UNITED STATES DISTRICT COURT NORTHERN DISTRICT OF CALIFORNIA
Jul 1, 2013
Case No. 11-cv-02846-JST (N.D. Cal. Jul. 1, 2013)

Summary

declining to impose costs requested by defendant because defendant had not shown that it would be prejudiced by the proposed amendments

Summary of this case from Pyara v. Sysco Corp.

Opinion

Case No. 11-cv-02846-JST

07-01-2013

VERA WILLNER, Plaintiff, v. MANPOWER INC., Defendant.


ORDER GRANTING MOTION FOR

LEAVE TO FILE A FOURTH

AMENDED COMPLAINT


Re: ECF No. 68

In this putative class action for violations of state labor laws, Plaintiff Willner moves for leave to amend the complaint to assert a new, individual claim for violations of California Labor Code Sections 201 and 203. Manpower opposes the motion. For the reasons set forth below, the motion is GRANTED.

I. BACKGROUND

Plaintiff Vera Willner brings this putative class action against Manpower "for California Labor Code violations stemming from Defendants' failure to furnish accurate wage statements and failure to timely pay all wages to employees who received their wages by U.S. mail." Third Am. Compl. ("TAC") ¶ 1, ECF No. 44. Willner filed this action in the Superior Court of Alameda County on March 17, 2011. Mot. at 2. Manpower removed the action on June 9, 2011. ECF No. 1.

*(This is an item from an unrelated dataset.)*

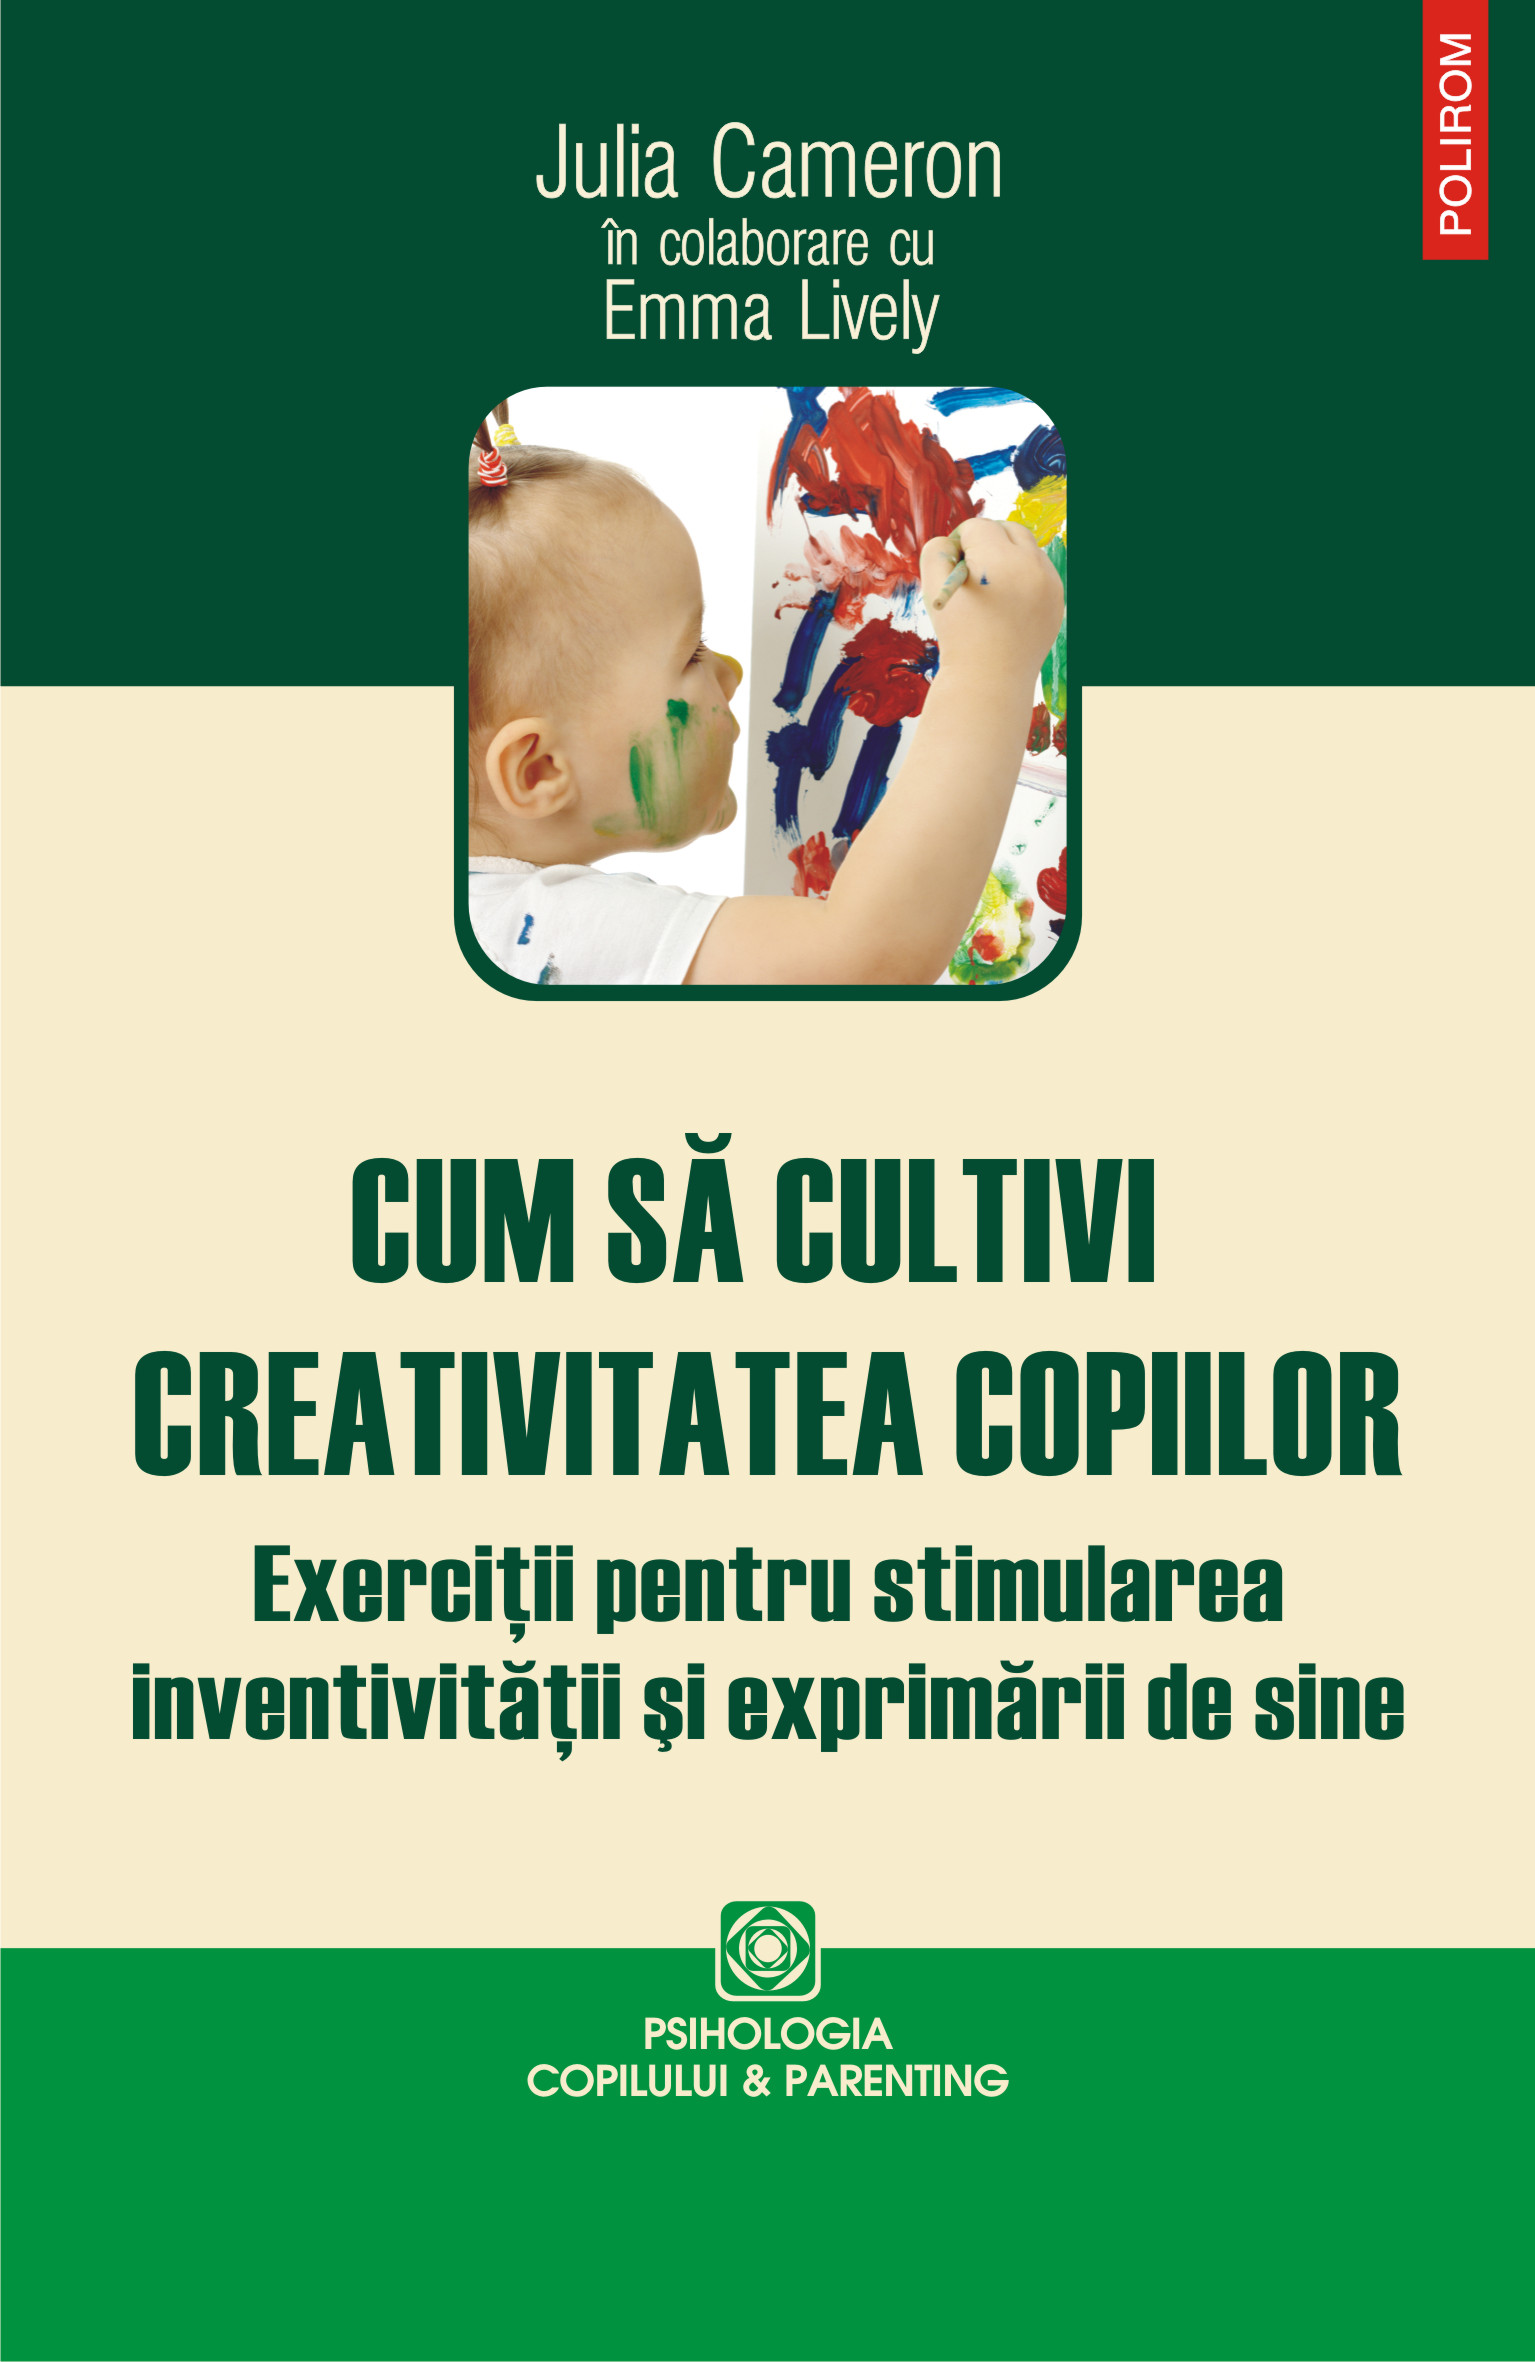 eBook Cum sa cultivi creativitatea copiilor - Emma Lively

The operative complaint, which Willner filed on May 18, 2012, asserts the following four claims: (1) violations of California Labor Code Section 201.3(b)(1) for failure to pay timely wages; (2) violations of California Labor Code Section 226 for failure to furnish accurate wage statements; (3) violations of California's Unfair Competition Law for failure to provide accurate or timely wage statements and payments; and (4) penalties under the Private Attorney General Act. TAC, ECF No. 44. Willner filed an answer to the TAC on June 7, 2012. ECF No. 45.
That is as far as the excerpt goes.